With a structured approach: differences are better understood, expectations are made explicit and working relationships become stronger.

Risk: Managers lose impact

привыч?

With a structured approach: managers adapt their posture, communication style and way of mobilising local teams.

Risk: Expatriation failure

Integration becomes harder when cultural, social and professional reference points are not anticipated.

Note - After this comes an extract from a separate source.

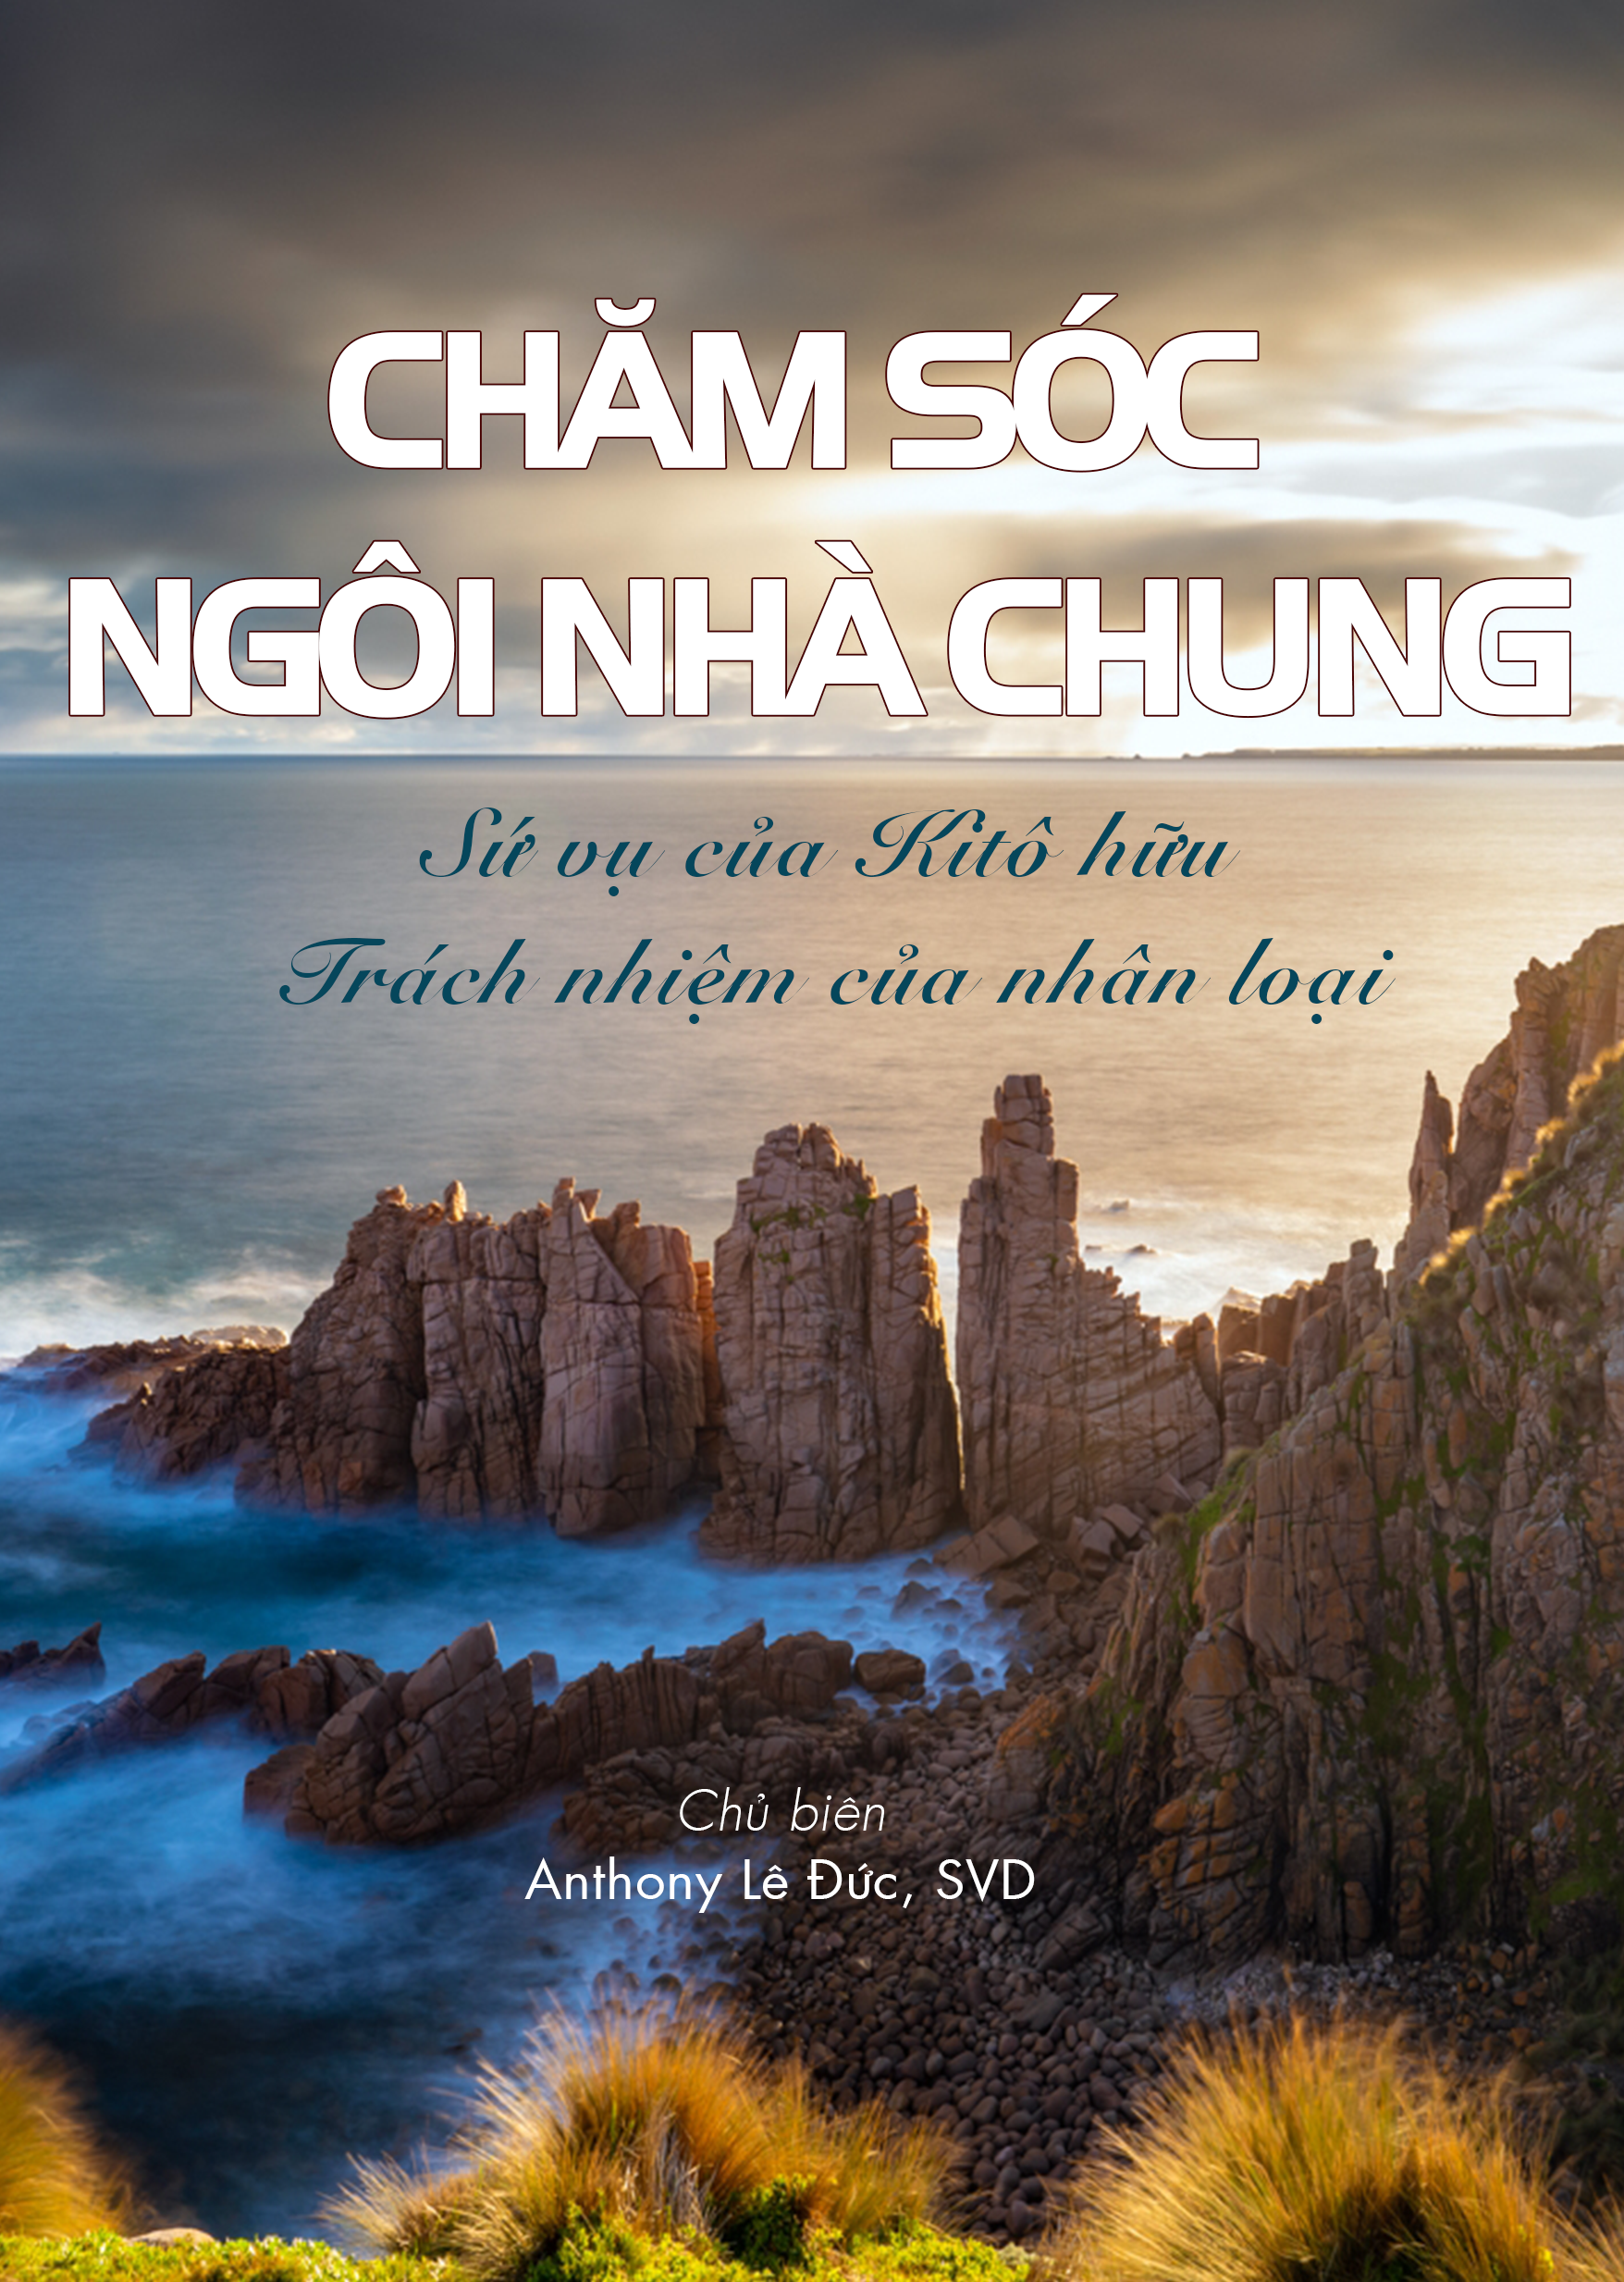 cham-soc-ngoi-nha-chung-front-cover-1708051943.png

With a structured approach: employees understand their new environment and adapt more quickly to local realities.

Risk: Slower international growth

International projects lose momentum when teams do not share the same collaboration codes.

With a structured approach: cultural differences become a lever for performance, alignment and sustainable growth.

How to Turn Culture into a Competitive Advantage

The real issue in this case was not language. It was not technical capability either. It was the alignment between people coming from different cultural backgrounds. As the business case shows, cultural diversity directly influences the way individuals interact, communicate and collaborate.

Instead of trying to erase cultural differences, the company chose to understand them and use them constructively. That shift in posture improved communication, strengthened collaboration and accelerated international development.

The Approach That Was Implemented

  1. Start with an accurate diagnosis
    Each programme began with an in-depth analysis of intercultural needs.
  2. Deploy tailored training
    The training was built around real situations, integrating communication, management and international collaboration.
  3. Train managers first
    Managers were placed at the centre of the transformation and learned how to identify and manage cultural friction.
  4. Ensure lasting impact
    Post-training follow-up helped anchor the skills in day-to-day professional reality.

What Were the Concrete Results?

  • +25% acceleration in international development
  • 0% expatriation failure in sensitive regions
  • Better team integration
  • Smoother collaboration

Want to Improve Your Teams’ International Performance?

If your teams work internationally and you are noticing blocks, tension or slowdowns, intercultural factors are often the real cause. The French source places a strategic consultation CTA at this point in the article.

Key Takeaway

The strategy did not change. The technical expertise did not change either. What changed was human alignment — and that made all the difference.

Frequently Asked Questions About Intercultural Work in Business

What is the difference between language training and intercultural training?
Language training develops the language. Intercultural training develops the ability to collaborate effectively across cultures.

Why do expatriations fail?
Mostly for human reasons: culture shock, poor integration and misunderstandings.

When should teams be trained?
Before an international project, an expatriation or a new managerial role.

Is this useful for experienced teams?
Yes. Experience does not replace structured intercultural understanding.